Welcome to WebmasterWorld Guest from 23.22.140.143

Forum Moderators: open

Message Too Old, No Replies

Feb Crawl Has Started

The 216's have started

     
1:36 am on Feb 6, 2003 (gmt 0)

Preferred Member

10+ Year Member

joined:Dec 30, 2002
posts:436
votes: 0


While discussion has started in some other misc threads, the February crawl is underway. Here is an organized place to discuss it more.

I have one site with googlebot requests from 216.239.46.*

-Pete

1:43 am on Feb 6, 2003 (gmt 0)

Senior Member

WebmasterWorld Senior Member jdmorgan is a WebmasterWorld Top Contributor of All Time 10+ Year Member

joined:Mar 31, 2002
posts:25430
votes: 0


Yes,

Deepcrawler from 216.239.46.* on two of my sites here, too.

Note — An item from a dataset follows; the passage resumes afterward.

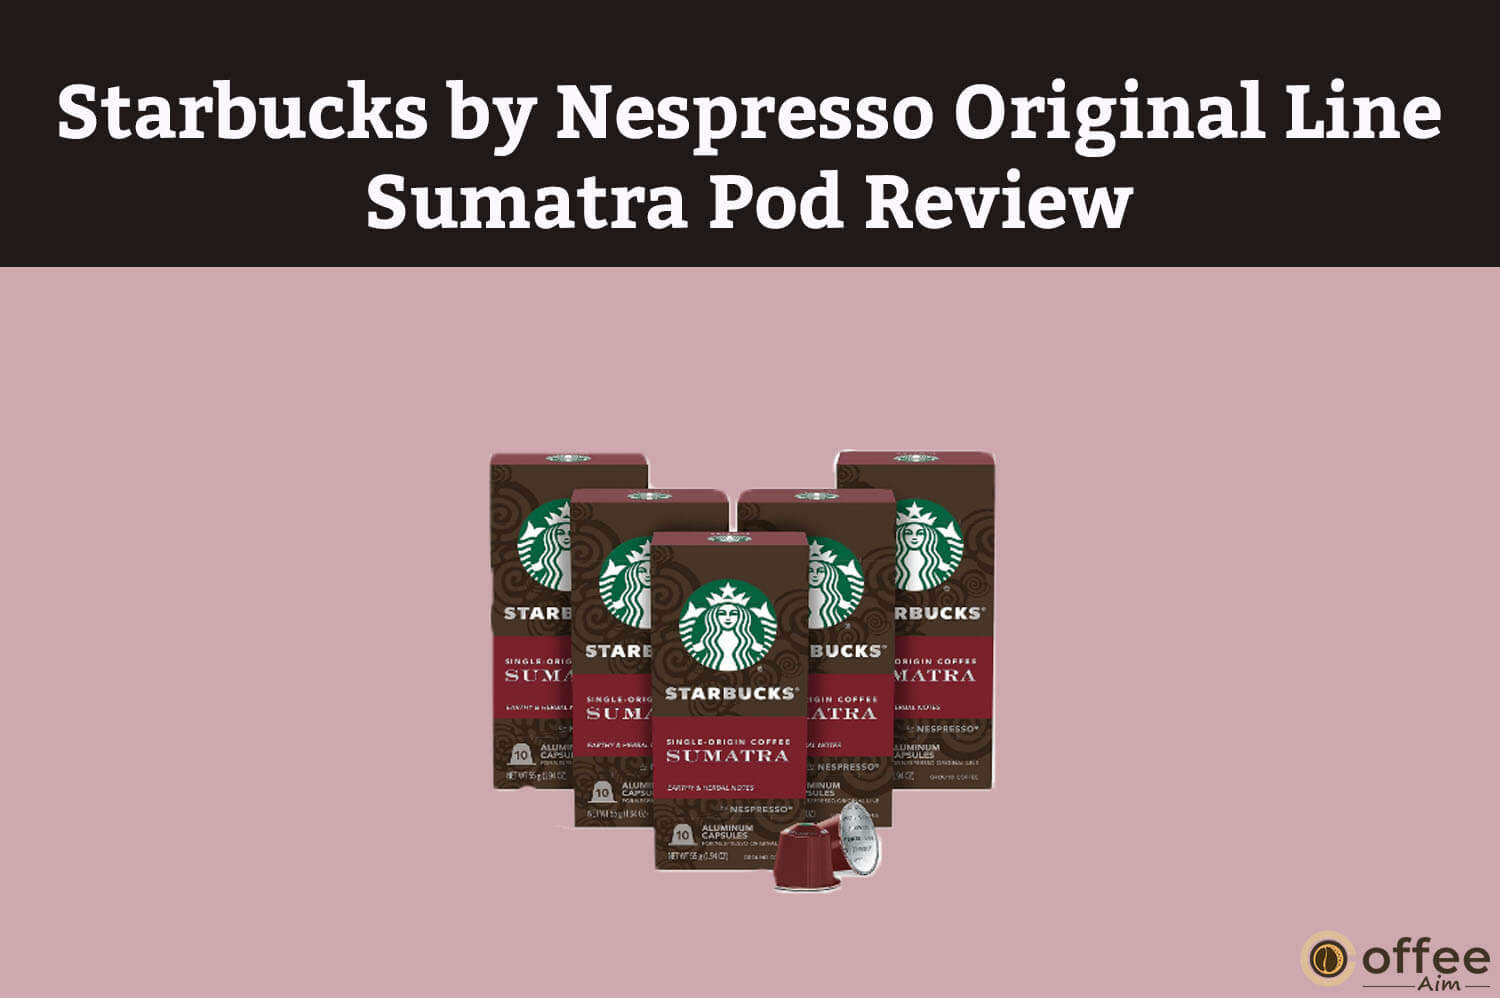 Feature image for the article "Starbucks by Nespresso Original Line Sumatra Pod Review"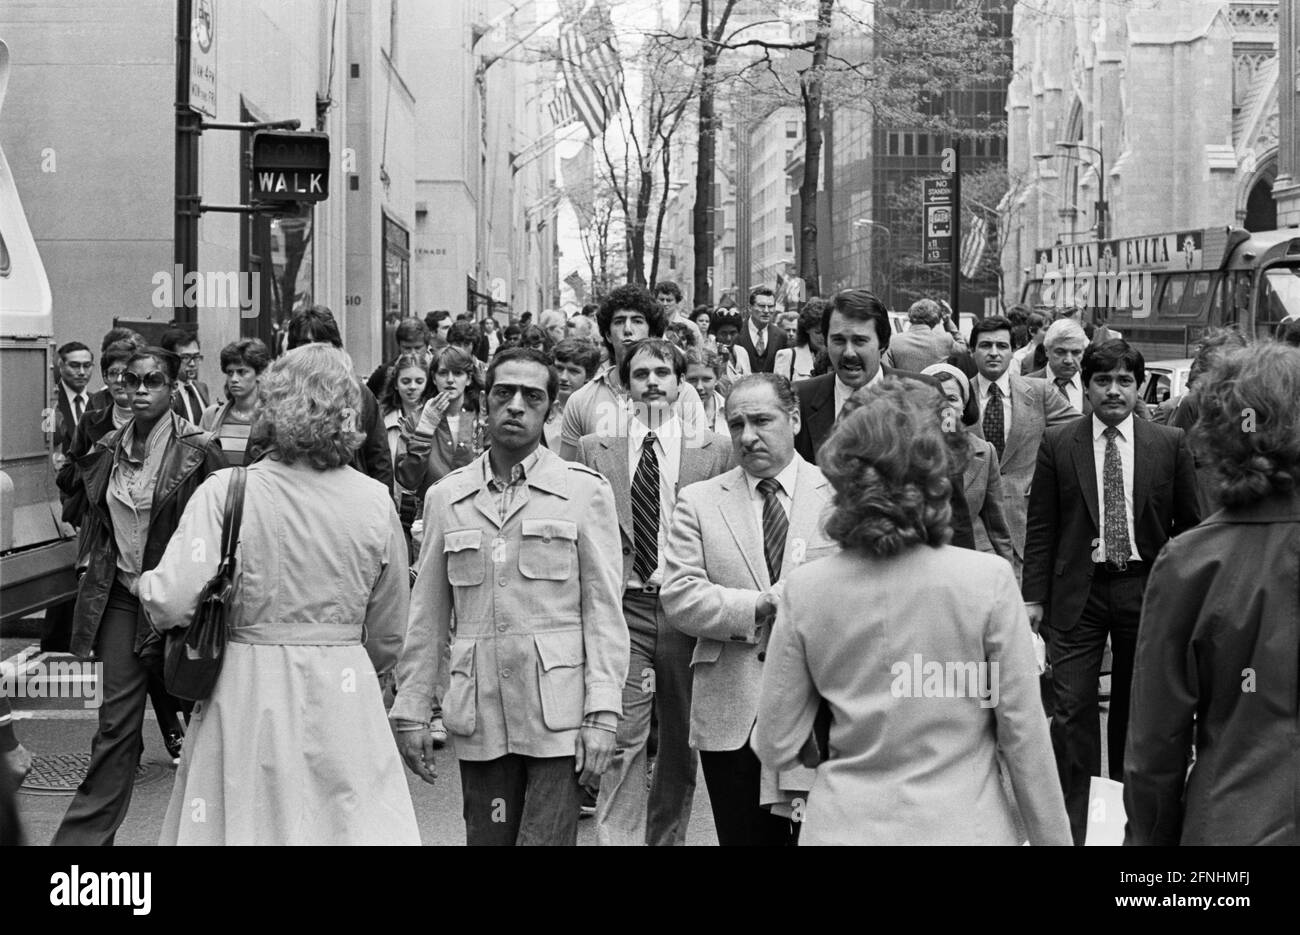 New York City Photo Essay, April 30, 1981- Multicultural crowd walking on 5th Avenue. St. Patrick's Cathedral in the background. Stock Photo

For reference, both are currently PR5.

Jim

1:45 am on Feb 6, 2003 (gmt 0)

Senior Member

WebmasterWorld Senior Member 10+ Year Member

joined:Oct 4, 2002
posts:666
votes: 0


Yeah, Ive just seen the little blighter! Grabbed robots.txt and a few pages from my root directory.
2:10 am on Feb 6, 2003 (gmt 0)

Preferred Member

10+ Year Member

joined:Sept 24, 2002
posts:485
votes: 5


Good! I was getting worried that I might be missed. Normally, the deep crawl on my site begins right on the first of the month.

Hopefully I'll see the bugger in my logs tomorrow.

2:34 am on Feb 6, 2003 (gmt 0)

Senior Member

WebmasterWorld Senior Member 10+ Year Member

joined:Feb 5, 2003
posts:807
votes: 0


Does it start out slow? So far I've only seen one listing in one of my logs (two year old site), out of 10 domains (nine two month old sites). How long does the deep crawl last?
3:48 am on Feb 6, 2003 (gmt 0)

Junior Member

10+ Year Member

joined:Dec 29, 2002
posts:130
votes: 0


Could it be a proxy? Just got hit with 216* and 64*.
3:53 am on Feb 6, 2003 (gmt 0)

Senior Member

WebmasterWorld Senior Member 10+ Year Member

joined:Dec 16, 2002
posts:2010
votes: 0


crawl4.googlebot.com (216.239.46.104) is on one of my sites right now

interesting thing is that the site was down for 30 minutes just before the bot showed up... hope that doesn't hurt anything...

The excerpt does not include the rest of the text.